John Leonard’s Reading for My Life, reviewed.

John Leonard’s Criticism Sang With Deep Thought and High Art

John Leonard’s Criticism Sang With Deep Thought and High Art

Reading between the lines.
March 3 2012 12:08 AM

The King of the Delirious Professions

The critic John Leonard brought a scimitar to a knife fight.

Illustration by Derf Backderf.

Illustration by Derf Backderf.

Whenever you hear a child question whether journalistic criticism can sing with deep thought and high art, brandish a copy of John Leonard’s Reading for My Life and resist the urge to spank him with this canonical document. Take the humanistic approach instead. Open the volume at random and read aloud. If the child does not respond favorably to the pure music of this performance, then the child is uneducable, and it’s time for drastic action.

Troy Patterson Troy Patterson

Troy Patterson is Slate’s writer at large and a contributing writer at the New York Times Magazine.

The book picks up 50 pieces of the amazing mind of the late John Leonard, who wrote with a great gift for rich reference; who peered through books with X-ray laser eyes; who read politics with clarity and passion, like the last principled urban liberal, as opposed to the wayward Third Way type; who ranks as the great critic of television—of the signal medium of the American experiment—precisely because he had read all the great books and most of the bad ones and that background helps to place both Twin Peaks and the ash heaps of cable news in high relief.

Reading for My Life: Writings, 1958-2008
by John Leonard

Leonard wrote these pieces as a reviewer for the New York Times, as the television critic at New York, as the literary editor of The Nation, and as something or other everywhere else. “I like to think of myself as having published in the New York Review, the New Statesman, the Yale Review, and Tikkun,” he once wrote. “But there was also TV Guide.” He surveyed the Imperial City. His tag sometimes was Cyclops.

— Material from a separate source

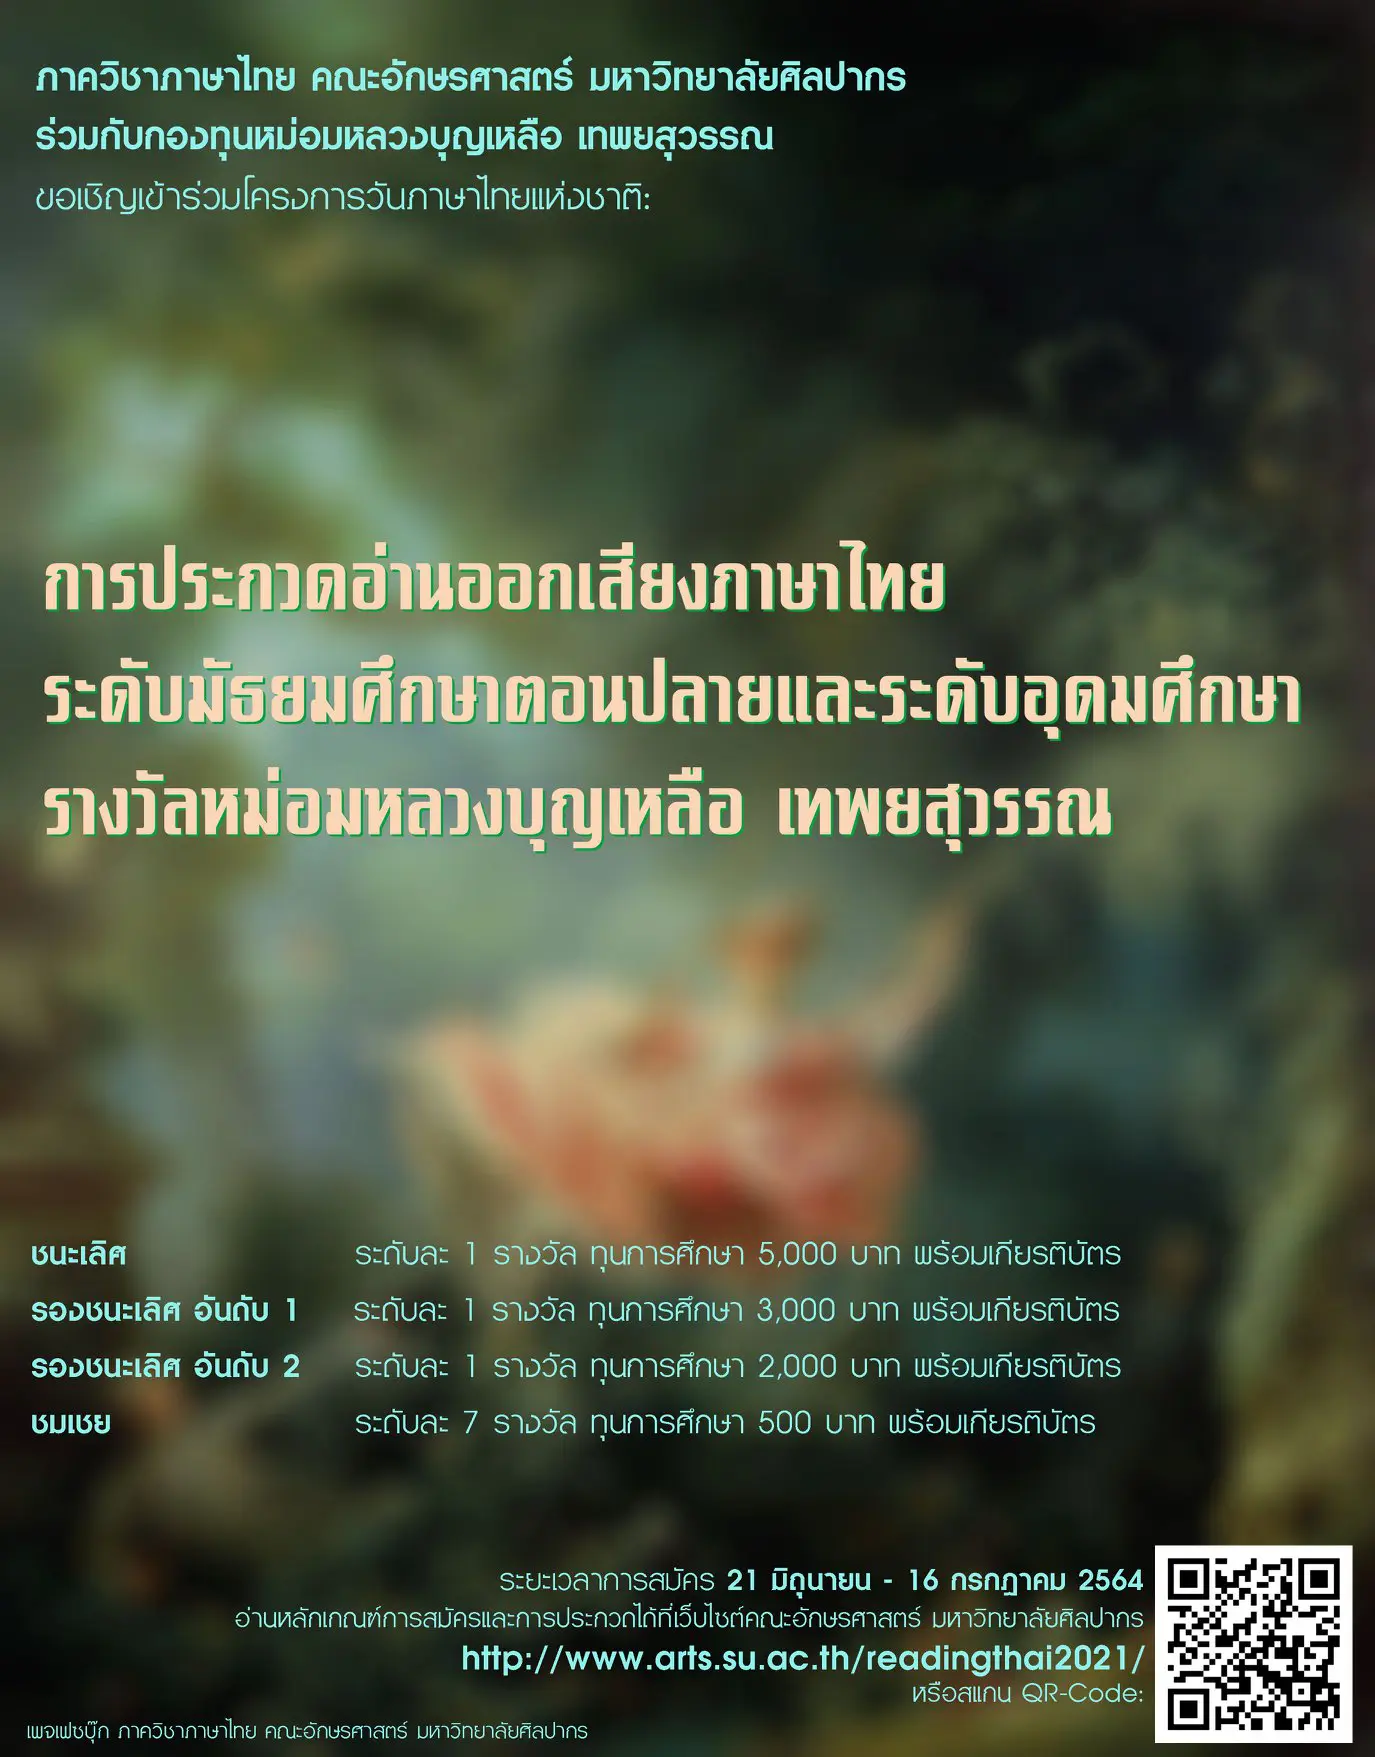 มหาวิทยาลัยศิลปากร เชิญชวนนักเรียน ม.ปลาย - ป.ตรี ประกวดอ่านออกเสียงภาษาไทย รางวัลหม่อมหลวงบุญเหลือ เทพยสุวรรณ เนื่องในวันภาษาไทยแห่งชาติ 2564 สมัครถึง 16 กรกฎาคม 2564

"I have more eyes than most flies," he wrote in September of 2001. Before the reek of charred electronics had even cleared, he was sniffing out life in the new surveillance state and the putrid consensus manufactured by the feed: “After a couple of days of doing what they do best, which is grief therapy, the television networks and cable channels reverted to what they do worst, which is to represent the normal respiration of democratic intelligence.” Earlier, riffing on Ed Sullivan and his legacy and the squandering of it, he was characteristically prophetic. “As television expanded—let a hundred channels bloom!—the culture fell apart. It was as if the magic once so concentrated in a handful of choices had managed somehow to dissipate itself, like an expanding universe after the Big Bang, into chaos, heat, and fractals. … Who needs Ed when we can become famous for nothing more compelling than having already been on television?” He wrote that sentence in 1992, when the Real World/Road Rules Challenge was but a glimmer in the TV eye.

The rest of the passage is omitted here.